- WORK REQUIRED: Please print the entries below exactly, from the line with "Perfekt hälsa : det" through the line with "Перфоратор GENMES за", including both of those lines and leaving out all others.

(Stored entries)
----

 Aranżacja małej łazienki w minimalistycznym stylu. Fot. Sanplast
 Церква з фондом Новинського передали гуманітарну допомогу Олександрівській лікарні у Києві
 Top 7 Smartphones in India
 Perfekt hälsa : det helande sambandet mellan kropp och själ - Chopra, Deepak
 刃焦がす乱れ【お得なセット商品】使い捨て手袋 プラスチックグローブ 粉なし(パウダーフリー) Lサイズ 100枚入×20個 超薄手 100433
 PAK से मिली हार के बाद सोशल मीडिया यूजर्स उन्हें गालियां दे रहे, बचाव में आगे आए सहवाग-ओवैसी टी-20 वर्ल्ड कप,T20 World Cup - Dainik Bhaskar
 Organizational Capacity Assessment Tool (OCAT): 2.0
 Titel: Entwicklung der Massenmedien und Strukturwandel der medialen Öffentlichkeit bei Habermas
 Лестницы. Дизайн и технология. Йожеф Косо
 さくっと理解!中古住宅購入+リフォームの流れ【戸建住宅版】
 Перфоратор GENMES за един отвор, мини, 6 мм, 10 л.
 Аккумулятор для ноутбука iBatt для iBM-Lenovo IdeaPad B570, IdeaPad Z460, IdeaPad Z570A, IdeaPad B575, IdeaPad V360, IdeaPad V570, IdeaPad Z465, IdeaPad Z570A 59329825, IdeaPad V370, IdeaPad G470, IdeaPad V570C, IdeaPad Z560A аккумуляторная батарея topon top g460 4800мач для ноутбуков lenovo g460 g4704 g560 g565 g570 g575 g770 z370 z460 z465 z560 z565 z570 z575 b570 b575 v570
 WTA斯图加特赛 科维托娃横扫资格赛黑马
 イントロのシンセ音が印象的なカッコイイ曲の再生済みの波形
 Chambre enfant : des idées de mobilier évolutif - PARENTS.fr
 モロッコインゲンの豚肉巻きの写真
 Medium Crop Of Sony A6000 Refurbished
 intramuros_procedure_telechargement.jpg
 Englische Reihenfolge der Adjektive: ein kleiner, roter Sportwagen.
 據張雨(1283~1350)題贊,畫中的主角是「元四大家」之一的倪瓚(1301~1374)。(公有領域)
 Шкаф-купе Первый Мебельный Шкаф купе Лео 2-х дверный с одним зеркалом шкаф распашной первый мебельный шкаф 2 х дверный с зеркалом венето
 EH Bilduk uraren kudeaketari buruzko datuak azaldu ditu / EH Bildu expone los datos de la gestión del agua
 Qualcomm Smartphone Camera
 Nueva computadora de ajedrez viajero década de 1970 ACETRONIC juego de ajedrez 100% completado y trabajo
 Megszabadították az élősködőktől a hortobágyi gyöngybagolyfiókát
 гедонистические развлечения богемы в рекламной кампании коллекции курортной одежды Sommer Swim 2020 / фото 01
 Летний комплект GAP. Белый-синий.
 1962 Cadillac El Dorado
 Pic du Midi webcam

----

- FINISHED TASK:
 Perfekt hälsa : det helande sambandet mellan kropp och själ - Chopra, Deepak
 刃焦がす乱れ【お得なセット商品】使い捨て手袋 プラスチックグローブ 粉なし(パウダーフリー) Lサイズ 100枚入×20個 超薄手 100433
 PAK से मिली हार के बाद सोशल मीडिया यूजर्स उन्हें गालियां दे रहे, बचाव में आगे आए सहवाग-ओवैसी टी-20 वर्ल्ड कप,T20 World Cup - Dainik Bhaskar
 Organizational Capacity Assessment Tool (OCAT): 2.0
 Titel: Entwicklung der Massenmedien und Strukturwandel der medialen Öffentlichkeit bei Habermas
 Лестницы. Дизайн и технология. Йожеф Косо
 さくっと理解!中古住宅購入+リフォームの流れ【戸建住宅版】
 Перфоратор GENMES за един отвор, мини, 6 мм, 10 л.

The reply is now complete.